为了研究摆振试验跑道模拟装置（飞轮）弧面对起落架摆振试验影响的问题，以

In order to study the influence of the camber surface of the runway simulation device (flywheel) on the sway vibration test of the landing gear, the former landing gear was taken as the research object, and the landing gear sway vibration considering the influence of the rolling of the camber surface of the tire was established based on the second-order tire tensioning theory. The analysis model is combined with the classical sway analysis method to simulate the influence of the large flywheel camber. The results show that: 1) the cambered surface of the flywheel affects the rolling characteristics of the tire; 2) the cambered surface of the flywheel reduces the critical damping required for the anti-sway of the landing gear, increases the stable area of ​​sway vibration, and decreases the unstable area; 3) this effect increases with the flywheel The radius increases and decreases, and increases as the tire radius increases; 4) For the landing gear with the tire radius within 0.5m, when the flywheel radius of the test bench reaches 2.5m, the system anti-sway critical damping error does not exceed 7.11% , to meet the engineering requirements. This conclusion can provide a reference for the evaluation of laboratory landing gear sway test results.

In order to study the influence of the runway simulation device (flywheel) arc on the landing gear shimmy test, the landing gear was taken as the research object in the past. Based on the second-order tension theory of tire, the landing gear shimmy analysis model considering the rolling influence of tire arc was established, and the influence of large flywheel arc was simulated combined with the classical shimmy analysis method. The results show that: 1) the camber of flywheel affects the rolling characteristics of tire; 2) The flywheel camber reduces the critical damping required for landing gear anti swing, increases the swing stability area and decreases the unstable area; 3) This effect decreases with the increase of flywheel radius and increases with the increase of tire radius; 4) For the landing gear with tire radius less than 0.5m, when the flywheel radius of the test bench reaches 2.5m, the critical damping error of the system anti swing shall not exceed 7.11%, meeting the engineering requirements. The conclusion can provide a reference for the evaluation of landing gear shimmy test results in the laboratory.

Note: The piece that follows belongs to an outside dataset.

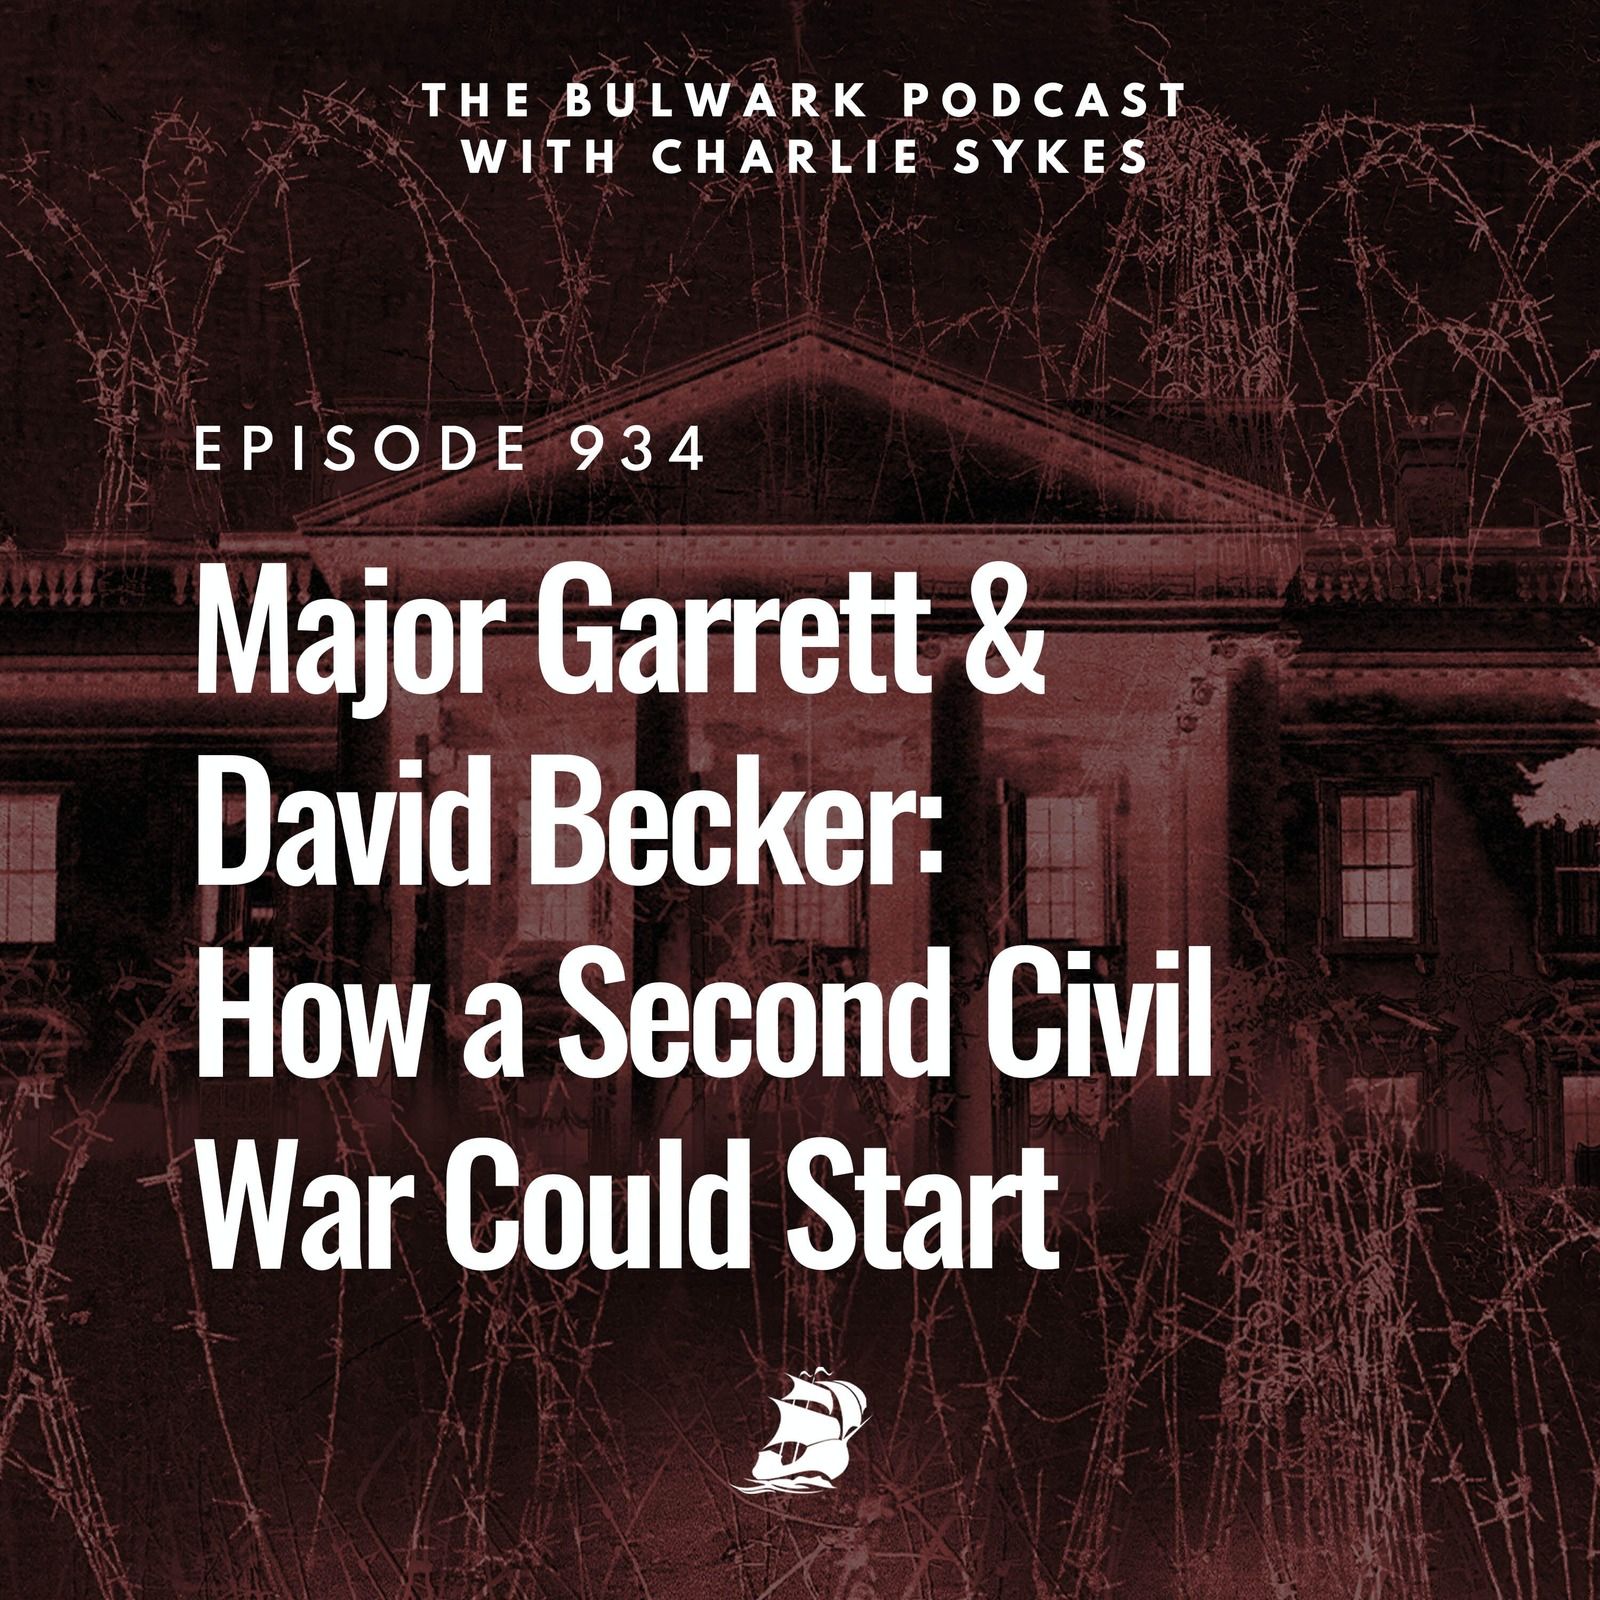 Major Garrett & David Becker: How a Second Civil War Could Start by The Bulwark Podcast

In order to study the influence of the runway simulator (flywheel) camber on the landing gear shimmy test, the front landing gear was taken as the research object, and the shimmy analysis model of landing gear considering the rolling influence of the tire camber was established based on the second-order tire tension theory, and the influence of the flywheel camber was simulated by combining with the classical shimmy analysis method. The results show that: 1) the flywheel camber affects the tire rolling characteristics; 2) The flywheel camber reduces the critical damping required by landing gear anti-shimmy, increases the shimmy stability region and reduces the unstable region; 3) This influence decreases with the increase of flywheel radius and increases with the increase of tire radius; 4) For the landing gear with the tire radius less than 0.5m, when the flywheel radius of the test bench reaches 2.5m, the critical damping error of the anti-swing system does not exceed 7.11%, which meets the engineering requirements. The conclusion can provide reference for the evaluation of landing gear shimmy test results in laboratory.